On Nash-equilibria of approximation-stable games. With Nina Balcan, Avrim Blum, Or Sheffet and Santosh Vempala. SAGT 2010.
In this paper, we define the notion of games that are approximation-stable, meaning that all $\epsilon$-approximate equilibria are contained inside a small ball of radius $\delta$ around a true equilibrium, and investigate a number of their properties. Many natural small games such as matching pennies and rock-paper-scissors are indeed approximation stable. We show furthermore that there exist 2-player n-by-n approximation-stable games in which the Nash equilibrium and all approximate equilibria have support $\Omega(log n)$. In addition, we also show that all $(\epsilon,\delta)$ approximation-stable games must have an $\epsilon$-approximate equilibrium of support $O(\frac{\delta^{2-o(1)}}{\epsilon^2}log n)$, yielding a faster algorithm for computing approximate Nash-equilibria, for games which are approximation-stable.

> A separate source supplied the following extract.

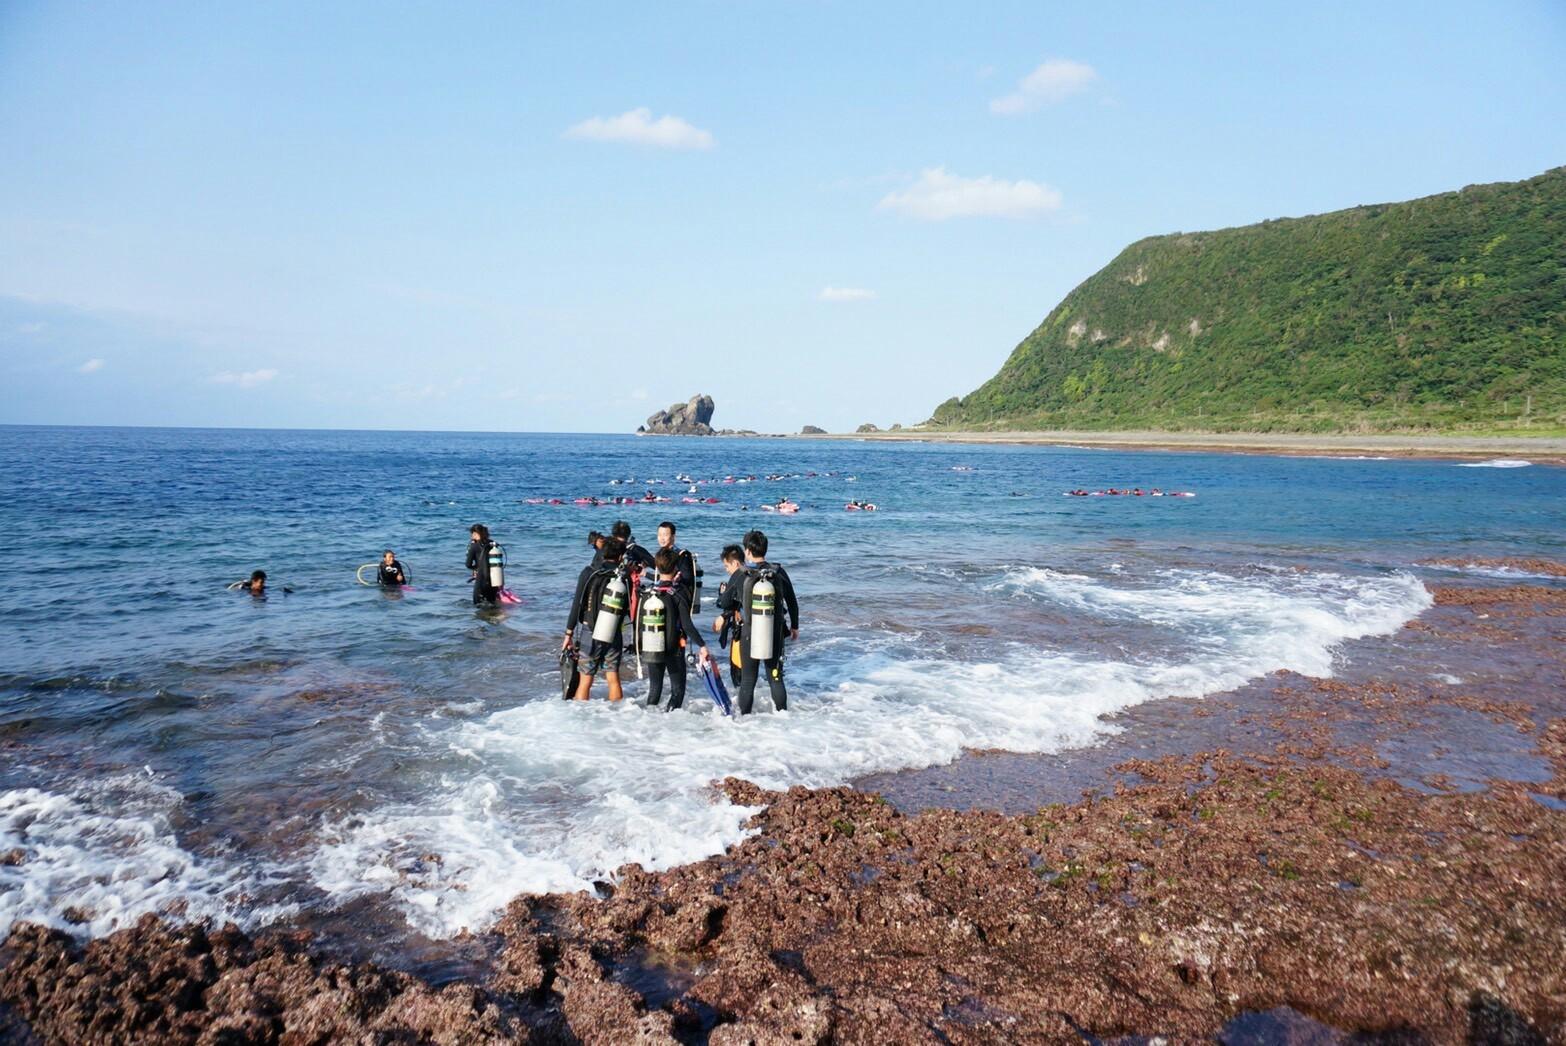 綠島兩日深度行(體驗潛水)每人$4800起

Stability yields a PTAS for k-median and k-means clustering. With Avrim Blum and Or Sheffet. FOCS 2010.
Ostrovsky et al. [ORSS'06] showed that if a clustering instance satisfies a stability condition, namely that the optimal (k-1)-means clustering is more expensive than the optimal k-means clustering by a factor of $max{100, 1/\alpha^2}$, then one can achieve a $(1+f(\alpha))$-approximation to the k-means optimal in time polynomial in n and k by using a variant of Lloyd's algorithm. In this paper we improve on their result by showing that if the (k-1)-means optimal is more expensive than the k-means optimal by a factor $1+\alpha$ for some constant $\alpha>0$, then we can obtain a PTAS for the k-means problem. Our technique can also be used to obtain a PTAS under the assumption considered by [Balcan et al.'09] that all $(1+\alpha)$ approximations are $\delta$-close to a desired target clustering, when all target clusters have size greater than $2\delta n$.

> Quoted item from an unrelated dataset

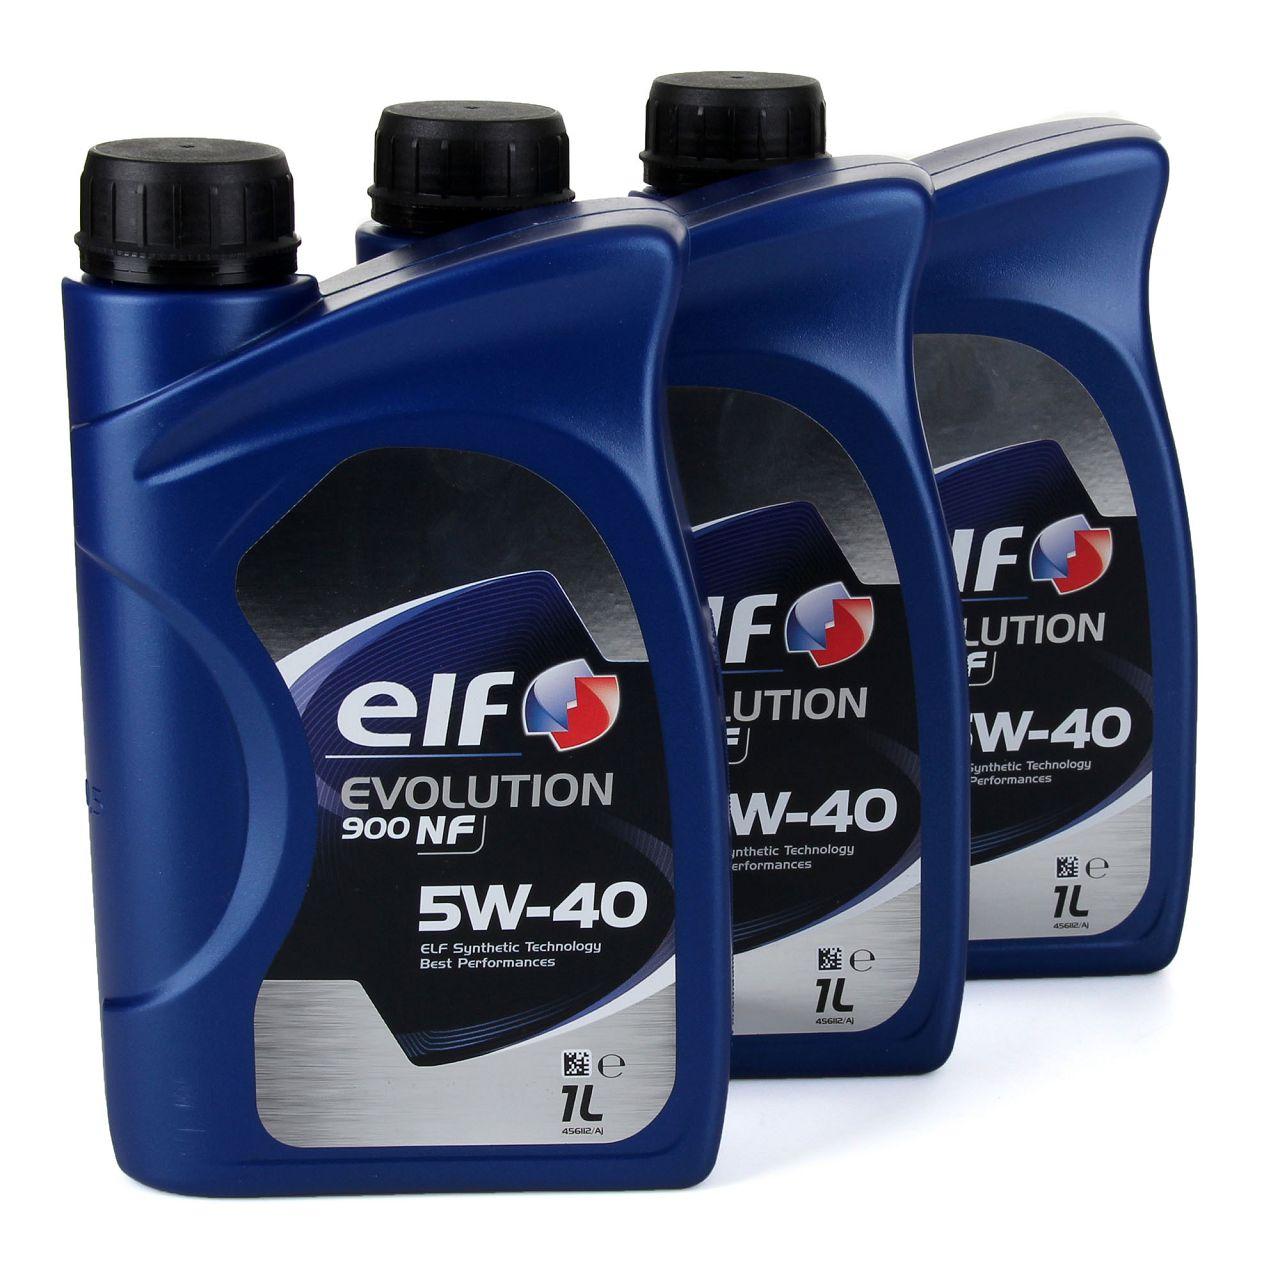 elf Evolution 900 NF 5W-40 Motoröl VW 502.00/505.00 MERCEDES 229.3 - 3L 3 Liter

Improved guarantees for agnostic learning of disjunctions. With Avrim Blum and Or Sheffet. COLT 2010.
Given a distribution D over {0,1}^n X {-1,+1}, define OPT to be the error achieved by the best disjunction with respect to D. The problem is to come up with a polynomial time algorithm which uses random samples from D to construct a prediction rule whose error is atmost (c.OPT + \epsilon), for any \epsilon > 0. In this paper we show how to achieve c = O(n^{1/3 + \alpha}), for any \alpha > 0. This improves on the previous best bound of O(\sqrt(n)) by [Peleg'07].

Supervised clustering. With Reza Bosagh Zadeh. NIPS 2010.
This paper studies the clustering framework proposed in [Balcan, Blum'08]. In this framework we assume that a given set of m points belongs to k target clusters and each cluster is defined by some concept in a concept class C. The goal of the clustering algorithm is to interact with the user and figure out the target clustering. This paper gives a simple query-efficient algorithm to cluster any concept class in this model. We also study two natural generalizations of the original model.

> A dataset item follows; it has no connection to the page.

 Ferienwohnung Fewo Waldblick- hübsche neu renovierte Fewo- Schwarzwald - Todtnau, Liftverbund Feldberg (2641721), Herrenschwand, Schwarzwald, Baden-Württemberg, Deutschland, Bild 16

Online stochastic optimization in the large: Application to kidney exchange. With Tuomas Sandholm. IJCAI 2009.
This paper studies trajectory-based online algorithms for solving large stochastic programs. We apply these algorithms to match patients in large kidney exchanges.

Decision trees for entity identification: Approximation algorithms and hardness results. With Venkatesan Chakaravarthy, Vinayaka Pandit, Sambuddha Roy and Mukesh Mohania. PODS 2007.
Consider the following problem: Given an input table containing information about a set of entities over a fixed set of attributes and a probability distribution over the entities, construct a decision tree that identifies each entity unambiguously by testing the attribute values such that the average number of tests is minimized. Building on prior work ([Adler, Heeringa'05]) we study the general version of the problem involving arbitrary input tables and arbitrary probability distribution over the set of entities. We consider a natural greedy algorithm and prove an approximation guarantee of O(r_K log(N)), where N is the number of entities, K is the maximum number of distinct values of an attribute, and r_K is a suitably defined Ramsey number. In addition, our analysis indicates a possible way of resolving a Ramsey theoretic conjecture by Erdos.

Image modeling using tree structured conditional random fields. With Aakanksha Gagrani and Balaraman Ravindran. IJCAI 2007.